The publication—previously called the Journal of French Philosophy and, before that, Bulletin de la Société Américaine de Philosophie de Langue Française—has changed its title to reflect its expanded scope: it is now open to scholarship across the French-speaking world, including not just Europe but also North America, the Caribbean and Africa. According to Drabinski, the journal’s current and upcoming issues will focus on philosophical issues and figures as diverse as French-Swiss filmmaker Jean-Luc Godard, Martiniquan theorist and revolutionary Frantz Fanon, Tunisian Jewish writer Albert Memmi and former Congolese Prime Minister Patrice Lumumba.

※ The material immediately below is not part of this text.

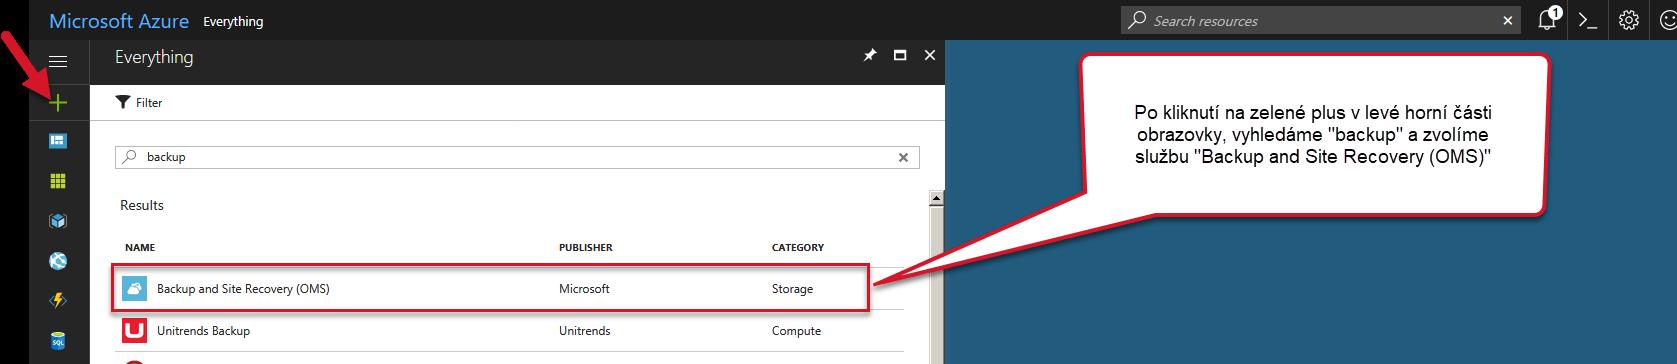 Azure - výběr služby

The Journal of French and Francophone Philosophy has also transformed from a print publication, available through subscription only, to an open-source, open-access online publication, hosted by the University of Pittsburgh Press and their university library system at jffp.org. “If we want to have scholarship from and about the francophone world as a whole,” Drabinski says, explaining the rationale for the change of format, “then access to essays, notes and reviews should be global.” In addition to two new journal issues per year, the website will feature an archive of past issues dating back to 1989. The journal will also remain available in print for individual subscribers.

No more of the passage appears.